It hardly mattered whether you cared about tennis or not: In the mid-to-late 1990s, when Venus and Serena Williams blazed onto the scene, nearly everyone loved them—and those who didn’t were people you didn’t want to know. These young women were distinctive on the tiresomely chalk-white tennis scene because they were Black, and they’d come from Compton. But they were also unstoppable as athletes and exuberantly charming as individuals. Often young athletes seem to have been more groomed than raised. But something about these two suggested that, in addition to having been coached in their sport from a tender age by their parents, Richard Williams and Oracene “Brandy” Price, they’d also been brought up right. They were superstars you might actually like to know.
The man who, along with his wife, made that possible now has his own movie, King Richard, in which he’s played by Will Smith. As with all movies based on real people, you can assume director Reinaldo Marcus Green (Monsters and Men) and writer Zach Baylin took some liberties with the facts; it’s always necessary to elide and condense for drama’s sake. But as a story of how two little girls worked hard for their success, supported and encouraged by parents who believed in them, it’s wholly satisfying; the picture skims along on its own ambitious energy, and on the strength of just about every one of its performances. It’s one of those crowd-pleasing movies that doesn’t make you feel embarrassed to be part of the crowd—you feel buoyed rather than talked down to.
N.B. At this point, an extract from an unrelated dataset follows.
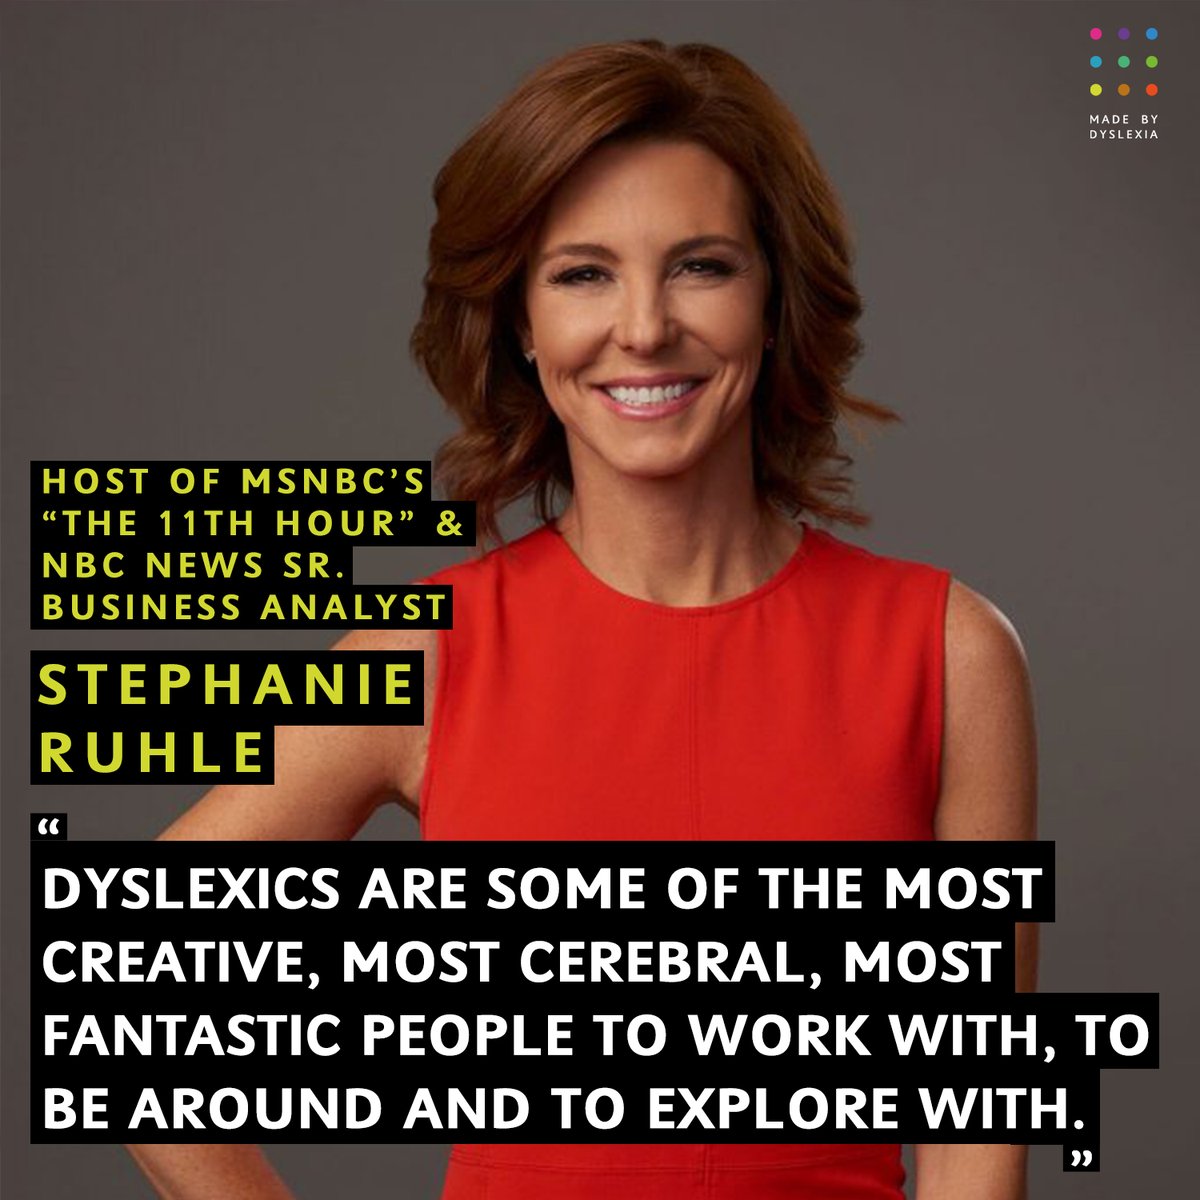 I can’t disagree with this #WednesdayWisdom from one of America’s most-loved news hosts, @SRuhle Hear more of her wisdom in this week's episode of our podcast #LessonsInDyslexicThinking 🎧Listen to the full episode on Spotify or Amazon Or watch it here: bit.ly/45fuzar

King Richard opens with some old-fashioned shoe-leather enterprise. Smith’s Richard Williams—who, we learn, grew up in Louisiana before ending up in Compton, neither place particularly hospitable to a Black tennis fan—had a plan for his two daughters, Venus (Saniyya Sidney) and Serena (Demi Singleton) before they were even born: To turn them into champion athletes. To that end, he allows—or maybe urges—them to practice often, even during the rain, which raises an eyebrow or two in the neighborhood. Does this constitute a kind of child abuse? But the girls clearly love it, and the whole family joins in the act of spectatorship: Richard regularly packs the whole clan—all girls, five in total—into his van and heads off to the local, decidedly un-luxurious, tennis courts. Mother Brandy (Aunjanue Ellis, in a terrific performance that brings the movie to Earth when it teeters toward hagiography) seems to be the chief breadwinner, though she steps in as coach at a crucial moment. Both are aligned with a single goal in sight, and Richard treks doggedly to one fancy white tennis club after another, seeking a good coach for his two budding stars, even though he’s unable to pay. You can imagine how many of them say no, or even laugh at him outright.
One coach, Tony Goldwyn’s Paul Cohen, finally takes notice of the girls’ gifts, though he’ll accept only one of them, and he chooses Venus. It’s her story that largely unfolds throughout King Richard, though the picture is so skillful that Serena rarely disappears from it: The film addresses her early disappointment without ever losing sight of the player, and the woman, she’ll eventually become. Sidney and Singleton are wonderful in these roles. They give us Venus and Serena as kids at play, ambitious and hardworking but also joyful in the mission their parents have given them, one that they clearly want for themselves as well. There’s a lightness to these performances that you might not expect in a movie about two young people who will eventually become the very best at what they do; they’re humans, always, and never sports robots.
Mostly, though, this is Richard’s saga. Smith is one of those actors who’s so perpetually likable that many critics I know practically will themselves not to like him. But no matter where you stand on the types of movies he favors (often inspirational, for better or worse), or on his gifts overall as a performer, what he does in King Richard is remarkable. The movie gets us on his side early. His efforts are the grass-roots type. He makes amateurish videos about the girls; he Xeroxes little pamphlets extolling their talents. With the two of them at his side, he strides into club after tony white club, undaunted by rejection. But when one prospective coach laughs at the video he’s made, something clicks on in him—a complicated blend of embarrassment and despair—and his eyes go suddenly, unbearably blank.
Read more reviews by Stephanie Zacharek
The mood doesn’t last long. Yet the movie needs this complexity. It also needs to show us how overbearing Richard can be, and how he’s sometimes so goal-oriented that he doesn’t recognize certain things his girls—or, for that matter, his wife—need in the moment. Smith plays Richard’s proud-papa peacock act to the hilt—but without vanity, he also shows us this man’s stubborn, self-centered side. In the end, Richard Williams’ plan worked out—his girls became world champions. But he pulled off something else too: they became people we never want to lose sight of, people we care about whether they’re on the court or off. He’s a king who put queens before us, knowing how wonderful they were and certain that we’d see it too. He didn’t create them, but he created a space for us to believe in them. King Richard shows us how he fought for that space, inch by inch and match by match.